Source code analysis of database middleware Sharding-JDBC: Syntax parsing of SQL parsing (1)

Posted by javauser on Tue, 11 Jun 2019 21:59:50 +0200

(iv) Focus on Wechat Public Number: [Taro Back-end Cabin] Welfare:

  1. RocketMQ/MyCAT/Sharing-JDBC All Source Analysis Articles List

  2. RocketMQ/MyCAT/Sharing-JDBC Chinese Annotation Source GitHub Address

  3. Every message you leave about the source code will be answered carefully. Even if you don't know how to read the source code, you can ask.

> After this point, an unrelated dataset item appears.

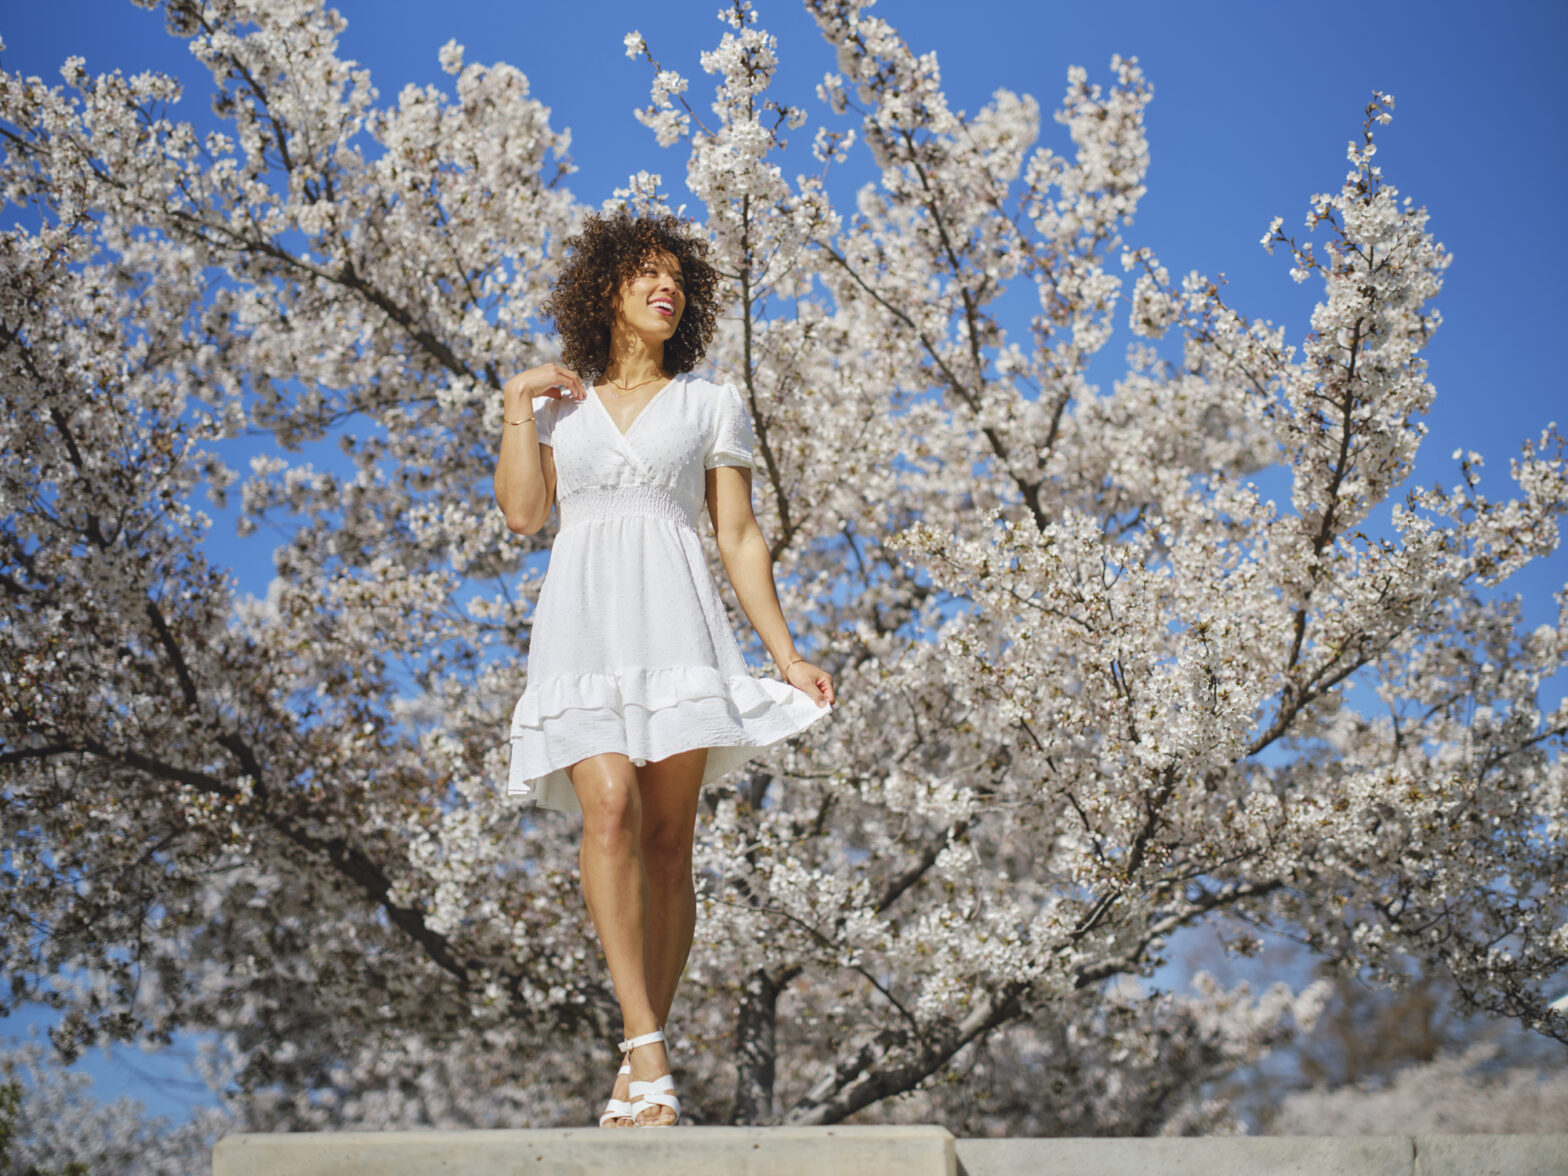 A portrait of a multiracial woman in springtime outdoors among cherry blossoms.

  4. New source parsing articles are notified in real time. Update one article per week or so.

1. Overview

SQL parsing engine, database middleware essential functions and processes. When Sharding-JDBC was officially released in 1.5.0.M1, it replaced the SQL parsing engine from Druid to self-developed. The new engine only parses the fragmented context, and adopts the concept of "semi-understanding" for SQL to further improve performance and compatibility, while reducing code complexity (it doesn't matter if you don't understand, we will update the article to explain this advantage later). Another domestic database middleware MyCAT SQL parsing engine is Druid, which is also developing its own SQL parsing engine.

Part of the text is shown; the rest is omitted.